New York City Mayor Bill de Blasio / Getty
September 6, 2017

New York City Mayor Bill de Blasio (D.) said in a new interview that if he had his way, the law would be less protective of private property and strip it away as needed to serve "socialistic" needs.

"In 2013, you ran on reducing income inequality. Where has it been hardest to make progress? Wages, housing, schools?" New York magazine asked de Blasio in a story published Monday.

"What's been hardest is the way our legal system is structured to favor private property," de Blasio responded.

The Democratic mayor continued to say that if he had it his way, the government would decide "which building goes where, how high it will be, who gets to live in it, what the rent will be."

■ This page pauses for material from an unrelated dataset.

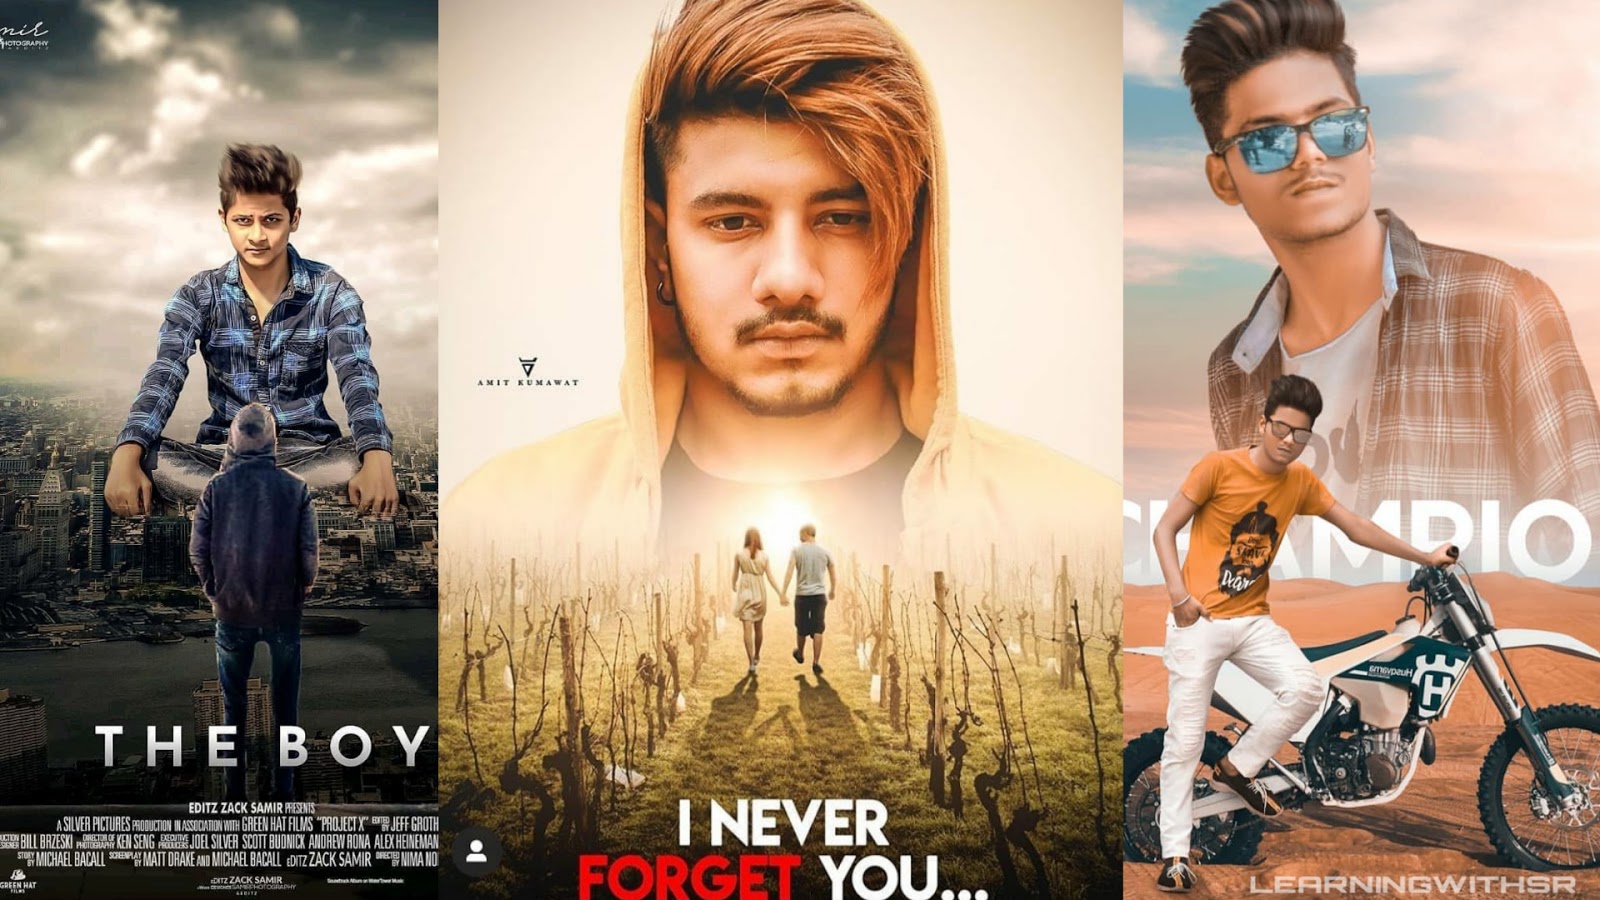 Movie poster photo editing, Picsart movie poster editing background 2019 -  LEARNINGWITHSR

"I think there's a socialistic impulse, which I hear every day, in every kind of community, that they would like things to be planned in accordance to their needs," he added. "Unfortunately, what stands in the way of that is hundreds of years of history that have elevated property rights and wealth to the point that that's the reality that calls the tune on a lot of development."

De Blasio said that earlier he had seen a sign on a fashionable New York street advertising condos for $2 million, and accused the owners of "flaunting" their wealth and "driving people stark raving mad."

The people of New York, he said, would "love to have a very, very powerful government, including a federal government, involved in directly addressing their day-to-day reality."